On another occasion, in Amsterdam, again to create a metaphor for fear of failure, he stole the entire contents of another artist’s show from a neighbouring gallery to pass off as his own, although he was forced to return it under threat of arrest.

He used taxidermy in several notable creations in the 1990s, including The Ballad of Trotsky (1996) and Novecento (1997), both of which consisted of an embalmed horse suspended from the ceiling, its neck bent downwards and its hooves stretched out as if reaching for the floor, widely interpreted as symbolic of energy destined to find no outlet.

Cattelan sold the Ballad of Trotsky for $5,000 (€4,200). In 2004, it changed hands for $2.1 million (€1.7 million).

Cattelan's work is often humorous, as in this sculpture of himself
 peering at paintings by Dutch masters from a hole in the floor 
At the Venice Biennale in 1997 he assembled 200 taxidermied pigeons perched on the air conditioning pipes in the Italian pavilion, with droppings spattered on the floor below, in an exhibit entitled Turisti.

Towards the end of the 1990s he turned to waxwork and caused considerable controversy with La Nona Ora – “The Ninth Hour” – which depicted a prone Pope John Paul II, dressed in his robes and clutching the Papal Cross, having been felled by a lump of meteoric rock that has crashed through a skylight.

The sculpture provoked a lively debate as to its meaning but met with hostility when it went on display at the Zacheta Gallery of Contemporary Art in Warsaw – in John Paul II’s home country – where two members of the Polish parliament not only raised a petition, signed by 90 members, calling for the dismissal of the gallery’s director, but physically removed the rock and tried to stand the figure upright.

Nonetheless, Christie’s sold the piece for $886,000 (€745,000) in 2001. When a second version was auctioned by Phillips, de Pury & Company in 2004, it fetched $3 million (€2.52 million).

Cattelan's model of Hitler as a schoolboy kneeling
in prayer, on display in an alley in Warsaw
Similarly, not everyone appreciated his 2001 sculpture Him, in which a head clearly that of Hitler was mounted on the body of a schoolboy kneeling in prayer.

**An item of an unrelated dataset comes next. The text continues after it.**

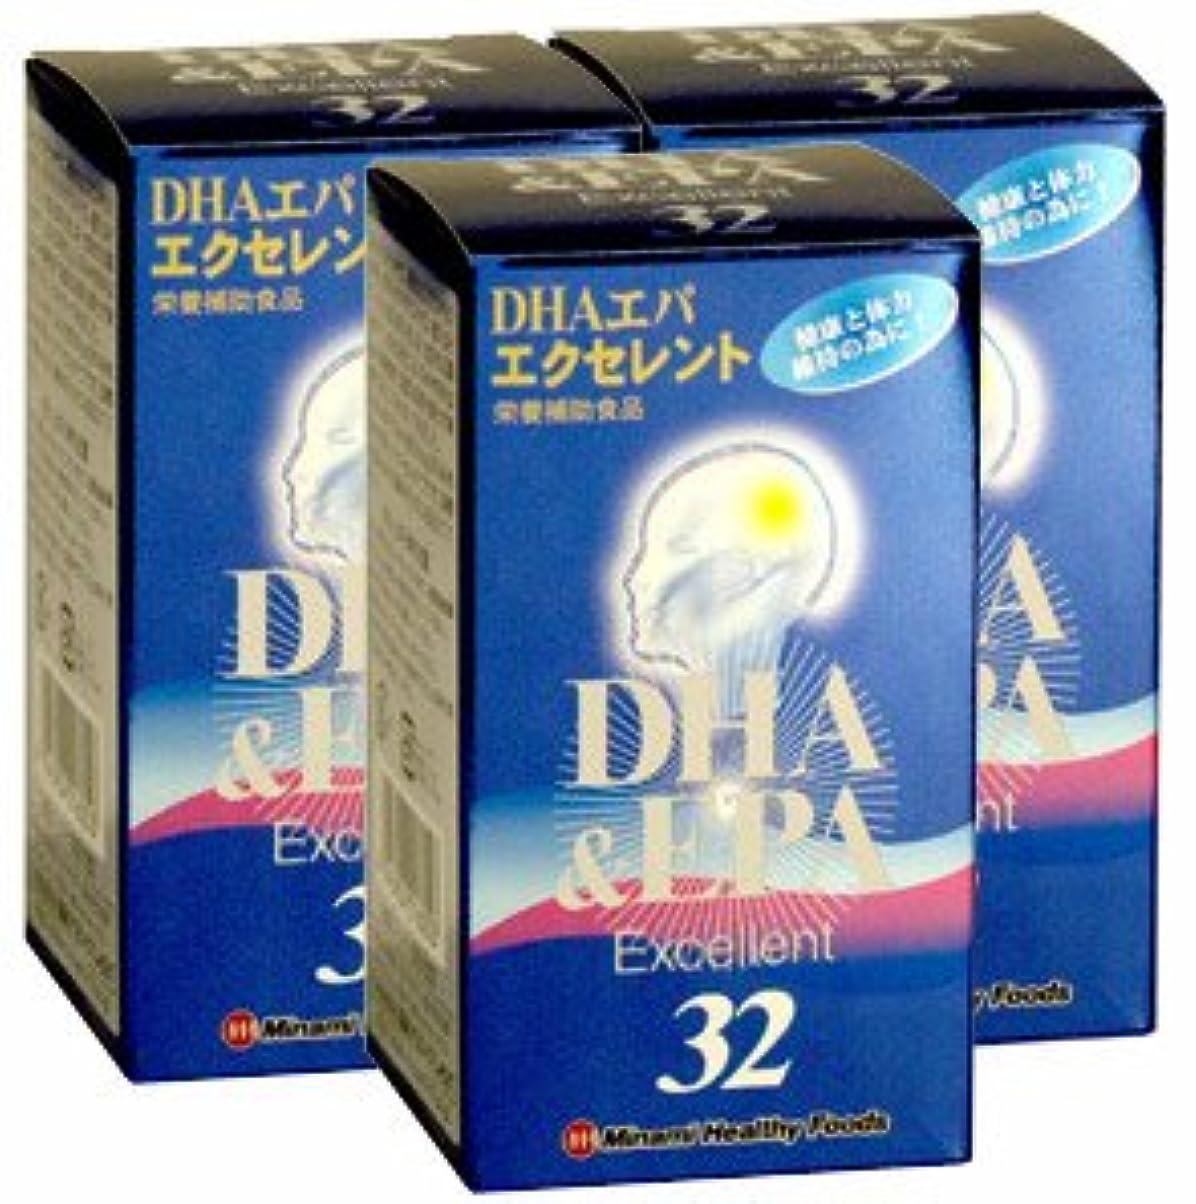 コンセンサスフォアマン傾いたDHAエパエクセレント32【3本セット】ミナミヘルシーフーズ

The sculpture was frequently displayed at the end of a long hallway or at the opposite end of a white room, turned away from the viewer, so as to maximise the sense of surprise or shock when they advanced close enough to recognise the face.

Other waxwork sculptures included one of himself, or at least his head, created for a museum in Rotterdam, in which he is seen peering up through a hole in the floor at an exhibition of 17th century Dutch masters.

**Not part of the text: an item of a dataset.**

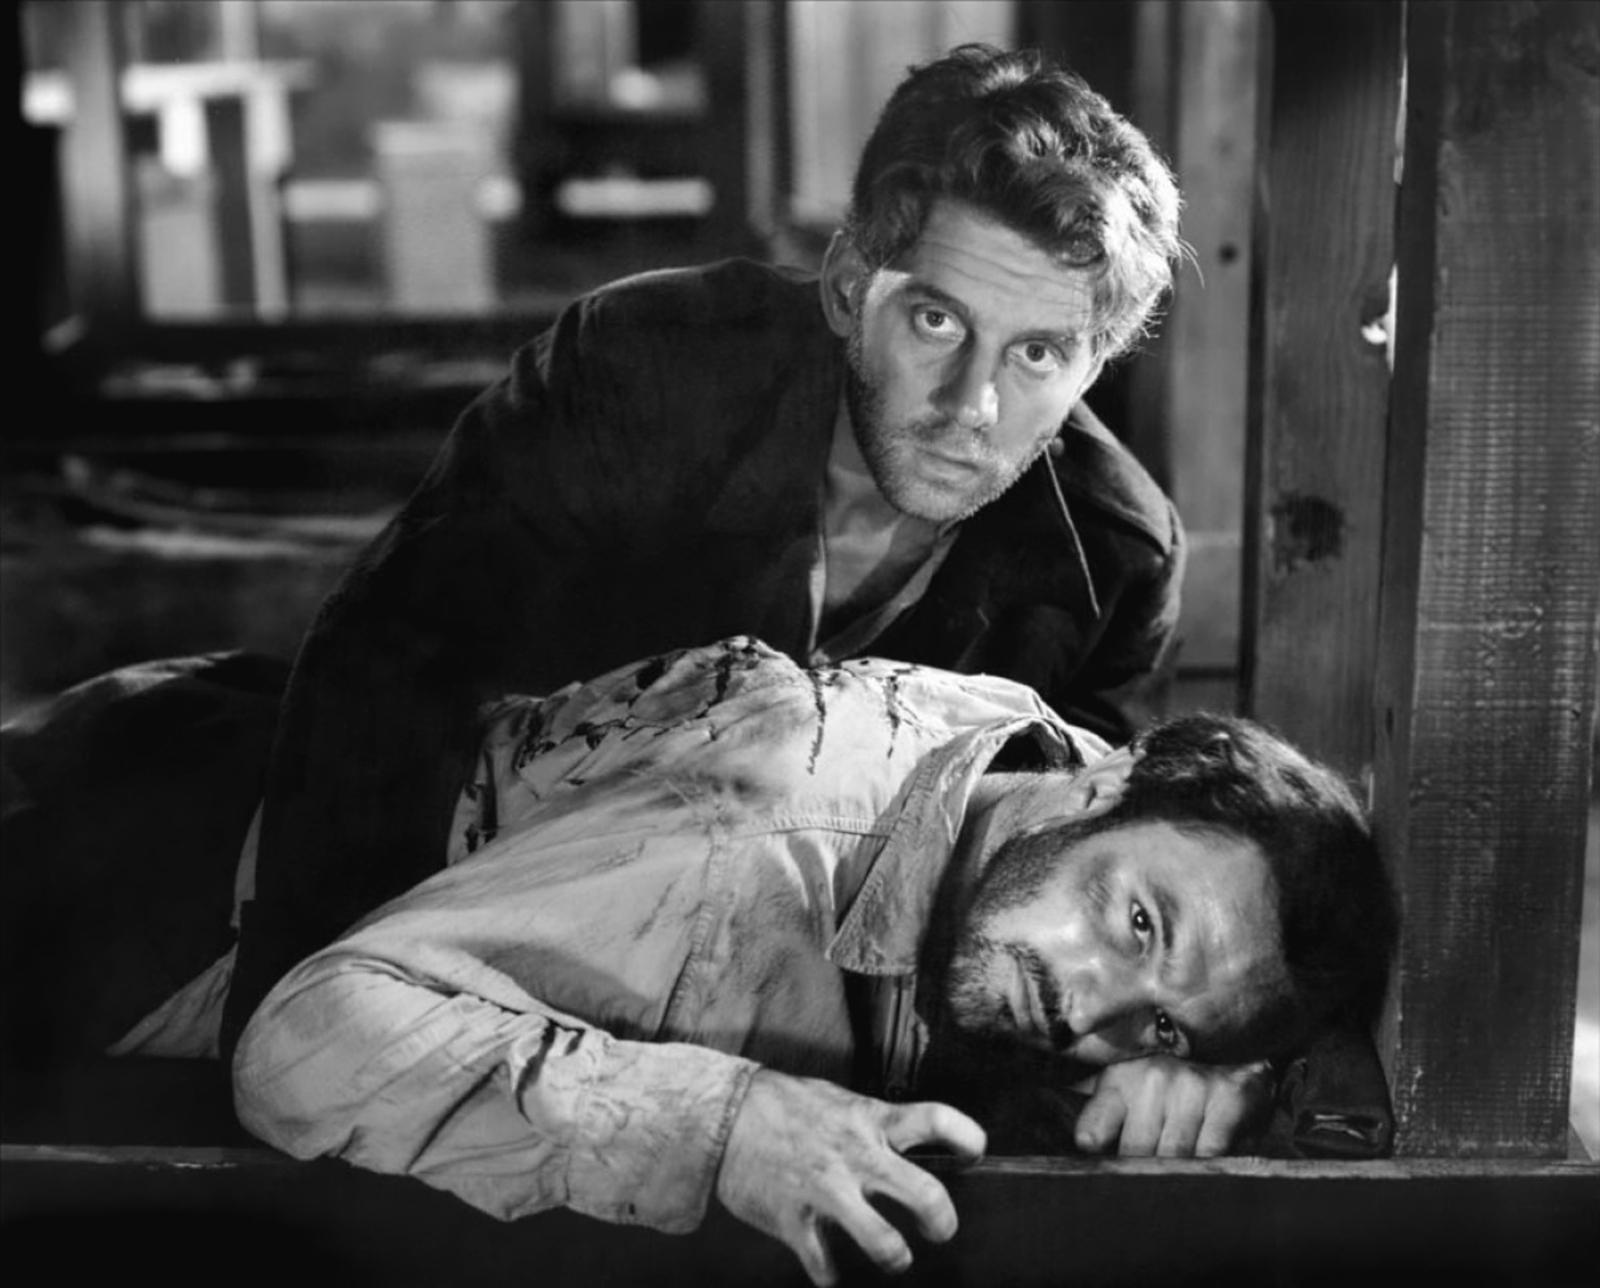 Gene Kelly with John-Pierre Aumont (top)

After the September 11, 2001 attack on the World Trade Center in New York, Cattelan sculpted Frank and Jamie (2002), in which two New York City policemen are turned upside down and propped against a wall in a posture that has been seen to convey the unfamiliar sense of vulnerability that permeated the United States in the wake of the terrorist outrage.

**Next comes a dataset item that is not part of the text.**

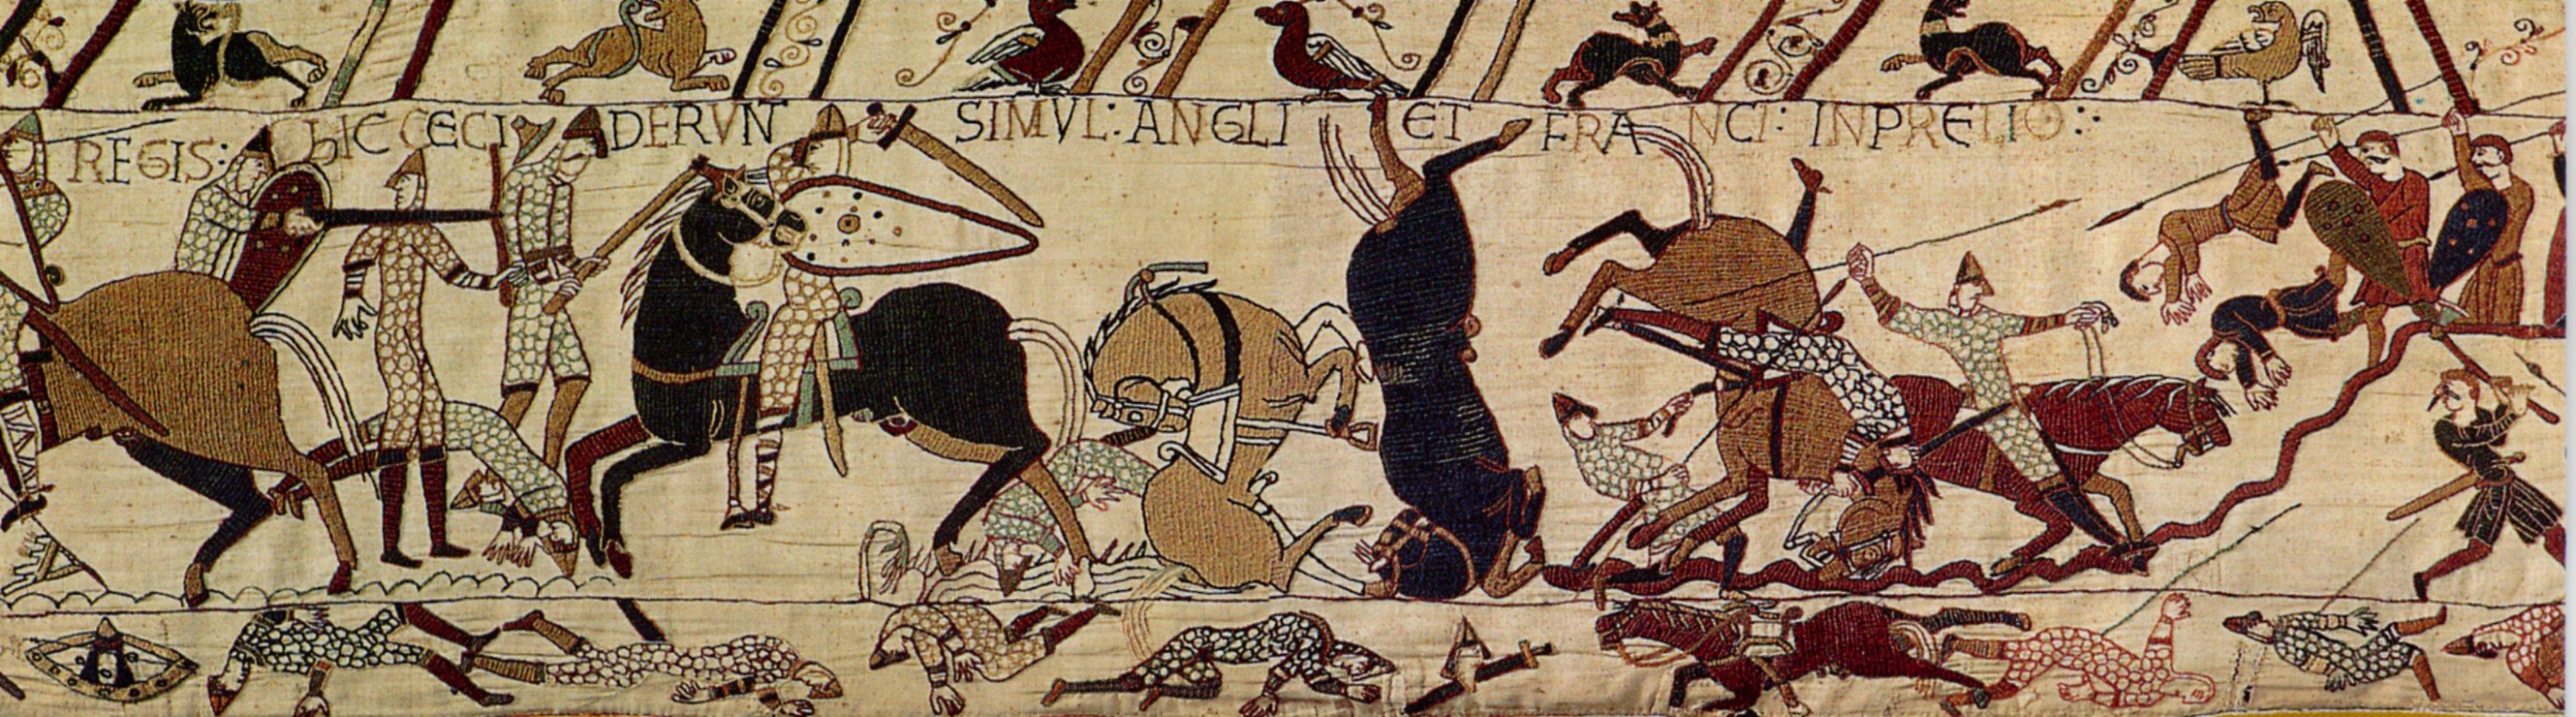 Tapisserie de bayeux t pfferiana - Qu est ce que la tapisserie de bayeux ...

Cattelan, who today earns at least $200,000 (€168,000) for every new piece, claims there is no difference between his more recent work and his older pieces, but that he used to be “treated as an idiot” where now he is appreciated. He claims he doesn't know what his work means, but says his aim is to be “as open and as incomprehensible as possible.”

The artist, who divides his time between homes in Milan and New York, announced his retirement after a 2011 retrospective at the Guggenheim Museum in New York, where his work was displayed hanging from the ceiling of the rotunda as if wilfully and randomly discarded.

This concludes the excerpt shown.